What is NoSQL Database?

  • Unlike traditional relational databases (RDBMS) that use structured tables and require a predefined schema, NoSQL databases provide flexibility, scalability, and high performance in handling large volumes of data that don’t fit well into the rigid, table-based structures of relational databases.

  • NoSql databases unlike relational dbs are “eventually consistent”, which means they do not follow ACID properties strictly instead focusing on speed and scalability.

  • Transactions involving multiple documents or collections may not be atomic unless explicitly supported (e.g., MongoDB 4.x and later support multi-document transactions).

    BASE properties

Instead of ACID, NoSQL databases typically embrace the BASE model (Basically Available, Soft state, Eventual consistency) for consistency and availability:

  • Basically Available: Ensures that the system is available for reads and writes even when some nodes or replicas are down.
  • Soft state: Implies that the system’s state can change over time, even without input (due to eventual consistency).
  • Eventual consistency: Guarantees that all replicas will eventually be consistent, but not necessarily immediately.

This approach favors scalability and availability over immediate consistency.

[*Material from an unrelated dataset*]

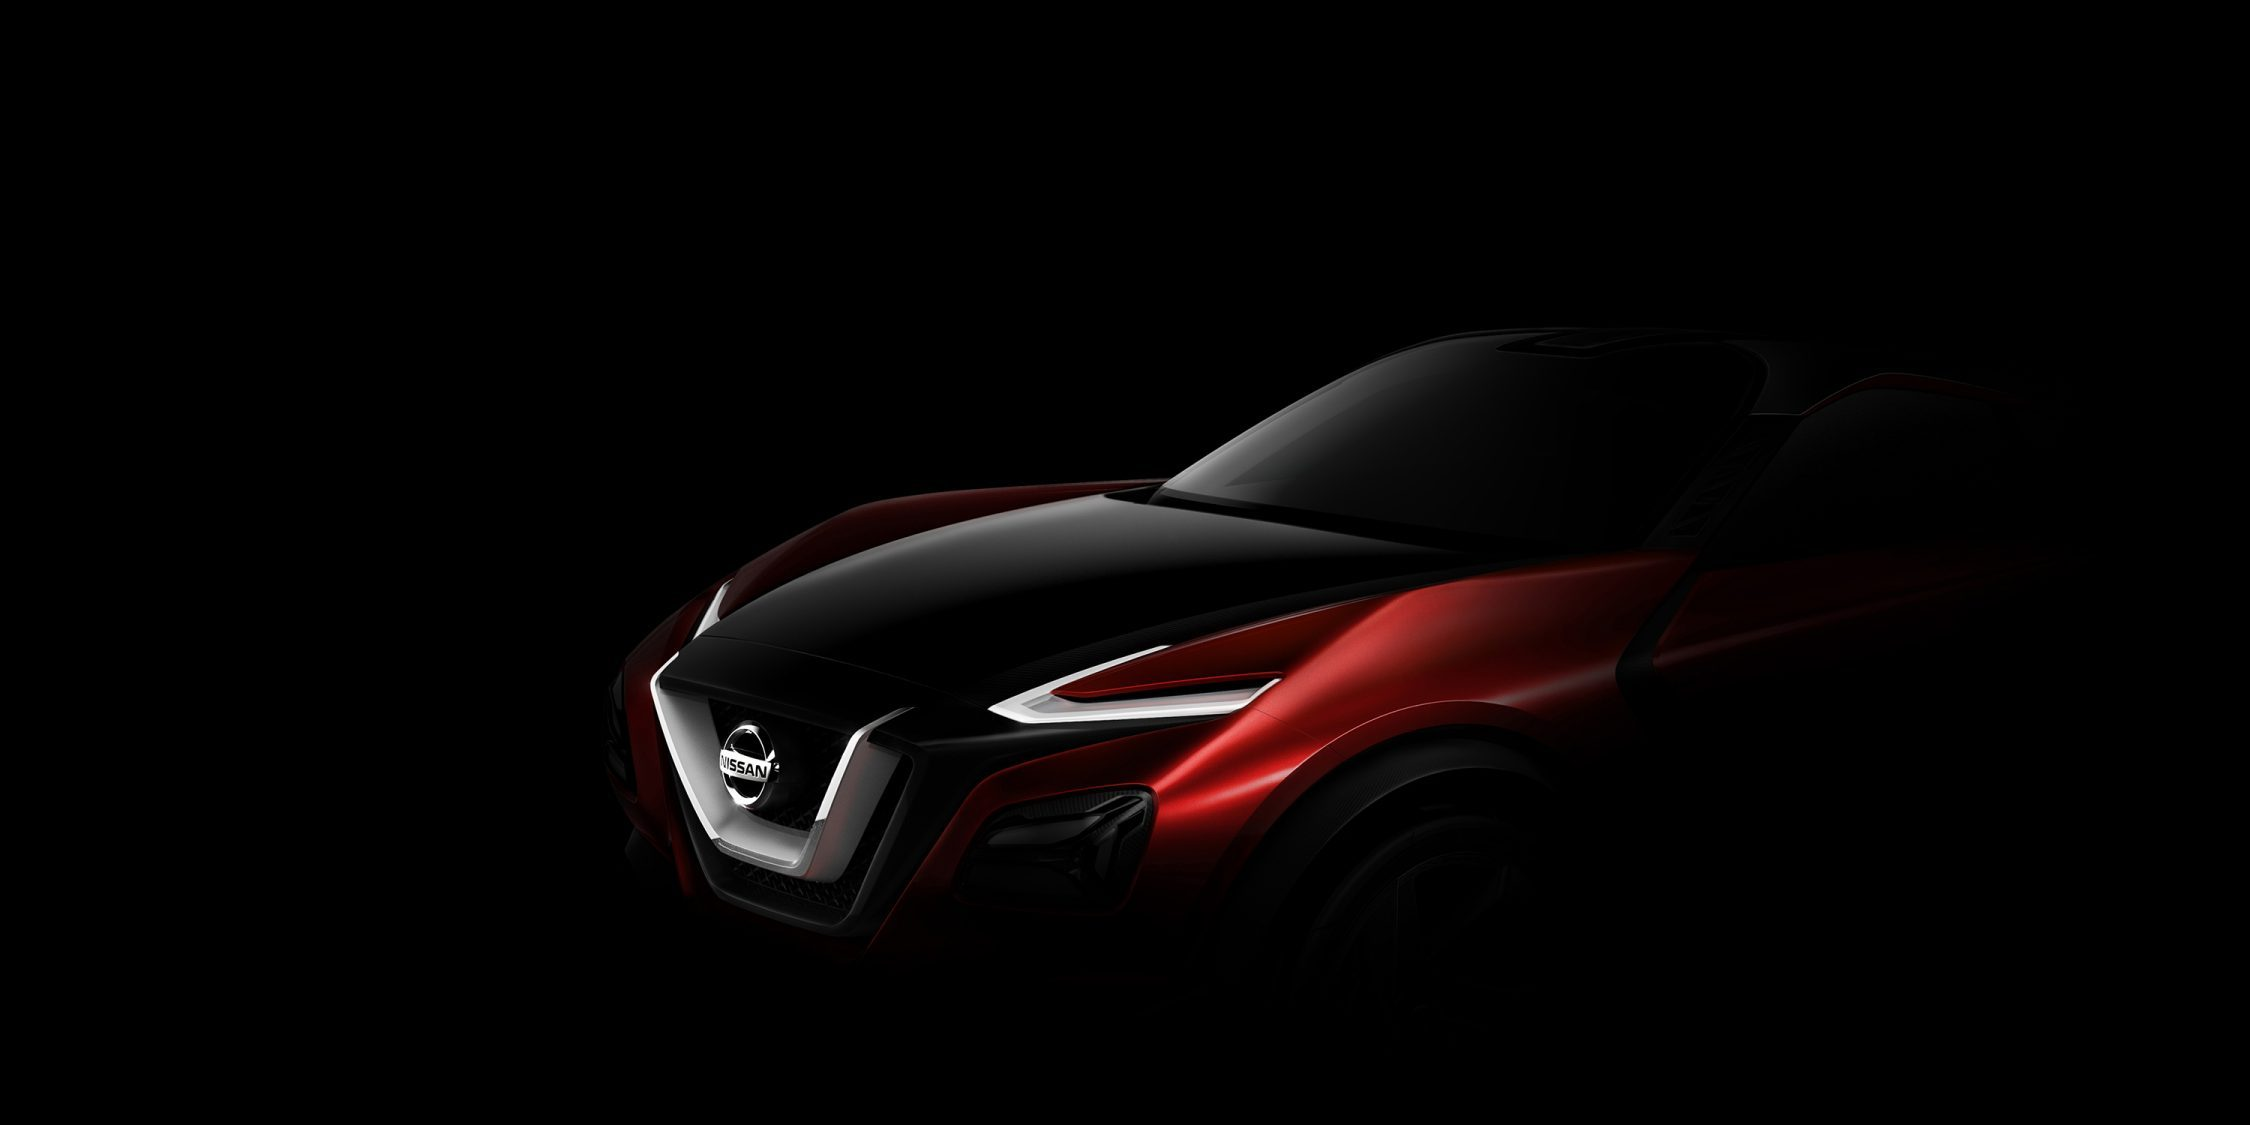 2020 Nissan Z400 - Nissan Cars Review Release Raiacars.com

Key Features of NoSQL Databases:

  1. Schema-less Design: Data is stored without the need for a fixed schema, allowing each entry to have a different structure.
  2. Scalability: NoSQL databases are optimized for horizontal scaling (distributing data across multiple servers), making them suitable for large-scale, distributed applications.
  3. Flexible Data Models: Data can be stored as documents, key-value pairs, columns, or graphs, depending on the NoSQL type.
  4. Eventual Consistency: Many NoSQL databases prioritize availability and partition tolerance (from the CAP Theorem), offering eventual consistency instead of strong consistency like in relational databases.
  5. High Performance: NoSQL systems are built to handle high-speed read and write operations with low latency.

Types of NoSQL Databases:

  1. Document Stores: Store data as documents (typically in JSON or BSON format).
    • Example: MongoDB, Couchbase
  2. Key-Value Stores: Store data as key-value pairs.
    • Example: Redis, DynamoDB
  3. Wide-Column Stores: Store data in columns rather than rows.
    • Example: Cassandra, HBase
  4. Graph Databases: Store data as graphs with nodes, edges, and properties, ideal for managing relationships.
    • Example: Neo4j, ArangoDB

When to Use NoSQL:

  • When dealing with large amounts of unstructured or semi-structured data.
  • When scalability is a primary concern (handling massive datasets across distributed systems).
  • When flexibility is needed in the data model (e.g., schema changes over time).
  • When quick access to data (e.g., caching or real-time analytics) is needed.

Example Use-Cases:

  • Social Networks: Graph databases for modeling relationships between users.
  • E-commerce: Document stores for flexible product catalogs with varying attributes.
  • IoT Applications: Wide-column stores for handling time-series data.
  • Session Management: Key-value stores for storing session data in memory for fast access.

In essence, NoSQL databases offer a more adaptable and scalable approach compared to traditional relational databases, making them ideal for modern applications with diverse, rapidly changing data.